E isso tudo, feito hábito.
Todavia, por mais irônico que possa parecer, o hábito atenuou a tragédia do
menino.
A realidade cotidiana do garoto era aquela porta dura a lhe roçar os ombros,
eventualmente a lhe ferir os ombros, sem que com isso pudesse atinar para a face
sádica de seu destino. Só entendia o que via, pois sequer os conceitos sonoros, proferidos
pelo pai, lhe eram acessíveis; e a tenra criatura via tão somente a obscuridade
geral de seu espaço, além de uma pequena fresta luminosa, o desvão das dobradiças,
a quina de um universo oferecido com parcimônia, fenda milimétrica onde se lhe
abria a alteridade do mundo, isto é: uma fresta de milímetros era o que lhe facultava
o mundo por horas a fio, e pela qual atravessava fenômenos alegóricos, lúdicos, que
abasteciam sua estreita vida - apesar das locuções iracundas do pai:
— Tá gostando do inferninho? Aí você não me dá vergonha, é o único lugar
do mundo onde você não pode me dar vergonha! Ninguém pode ver seu jeito de
bichinha aí atrás. Se deixo você brincar na rua, no outro dia tá todo mundo falando,
tá todo mundo querendo te comer. Porque você é a cara da sua mãe, jeitinho de rameira.
Vai ficar no inferno, pro papai não ter vergonha de você.
O homem, amiúde presa de uma epifania vocabular, transgredia o tom até
degenerar num cinismo surdo:
— Não está ouvindo? Alô, alô, tá acordado aí atrás? - E ia empurrando a
porta, espremendo os dedinhos entre a quina da porta até arrancar um grunhido
acusatório.
Talvez, para caracterizarmos com precisão tudo o que a quina representou
na vida do garoto, sobretudo devido a um pequeno incidente relacionado ao último
ato narrado sobre o pai - o de empurrar a porta até arrancar um grunhido - seja necessário
atentar para um gênero de impressões que o menino recolhera do mundo
até aquele momento, para que o incidente possa revelar seu fundamental salto qualitativo.
Com efeito, o resultado de ser em circunstâncias tão singulares se refletiu
sobretudo no inchaço de seus pezinhos, fruto do castigo corriqueiro que ele sequer
discernia enquanto tal; um inchaço que alterava não só suas formas anatômicas, mas
que incutia uma estranha sensação de amortecimento a lhe cindir, precocemente, a
noção de unidade.

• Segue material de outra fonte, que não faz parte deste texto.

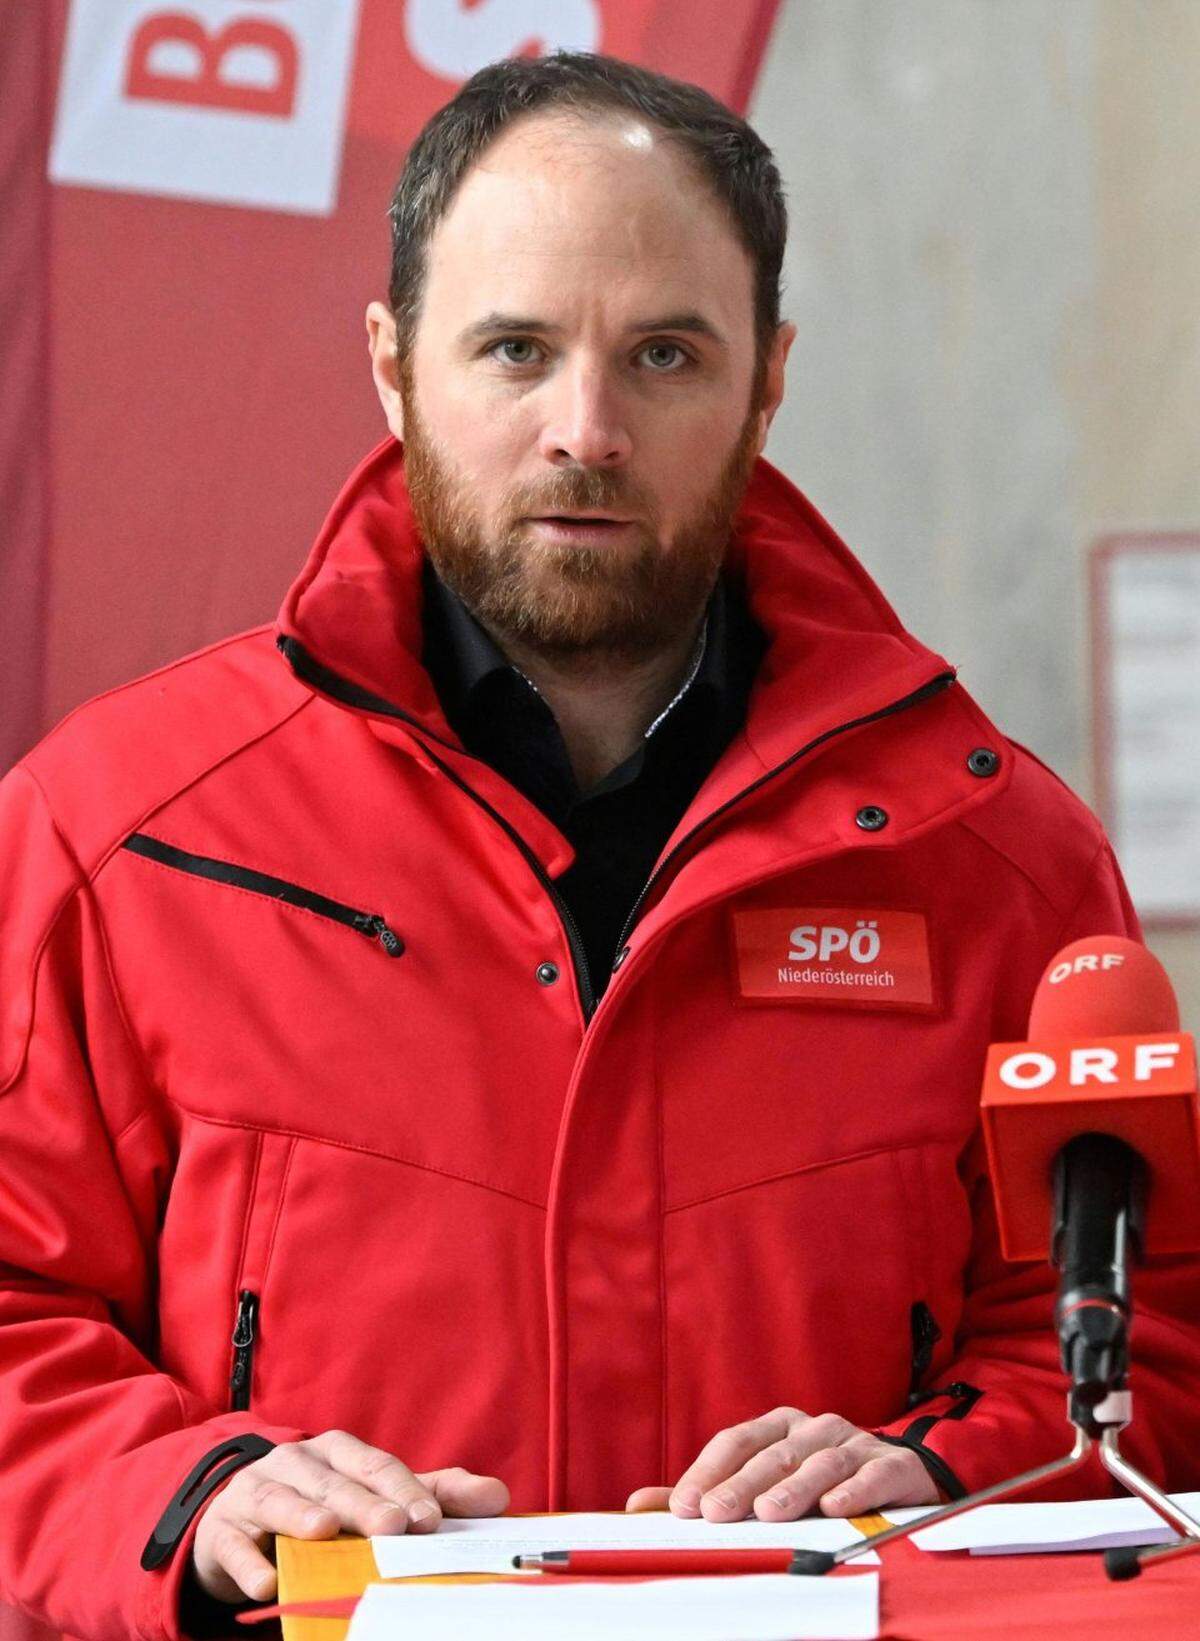 Klaus Seltenheim
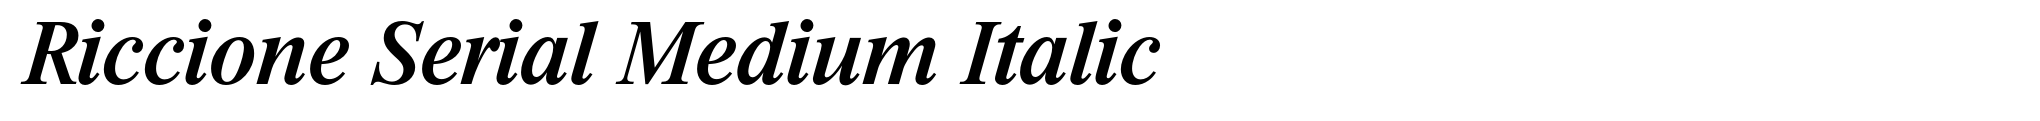 Riccione Serial Medium Italic image

Sim, não estava sozinho no próprio corpo, e a periódica descarga
de urina e fezes lhe corroboravam a impressão de ser pária na própria carne, animal
passível de obediência e confraternização estrangeira na própria intimidade – o que
de certo modo naturalizava as crueldades do pai. Foi quando a quina se dobrou sobre
os dedinhos do menino, de acordo com os empurrões paternos, e um novo elemento
jorrou de dentro para fora, intrigando seu hospedeiro até às raias da fascinação.
Pois esta substância rubra, minada de um recanto obscuro de seu próprio ser,
só poderia referir-se àquele inferno tão reiterado pelo pai, justificando o discurso do
progenitor por meio da evidência concreta de seu sangue, doce, quente, colorido,
feliz, no qual, aprendera, deveria estar. Aquele estranho fenômeno interno, aquela
assunção viscosa recebeu da intelecção do garoto uma significação característica, e
que nada mais é do que o produto da imaginação de uma criança castrada de suas sãs
potencialidades, e que se curva à cata de um substrato possível, substituto, atenuante.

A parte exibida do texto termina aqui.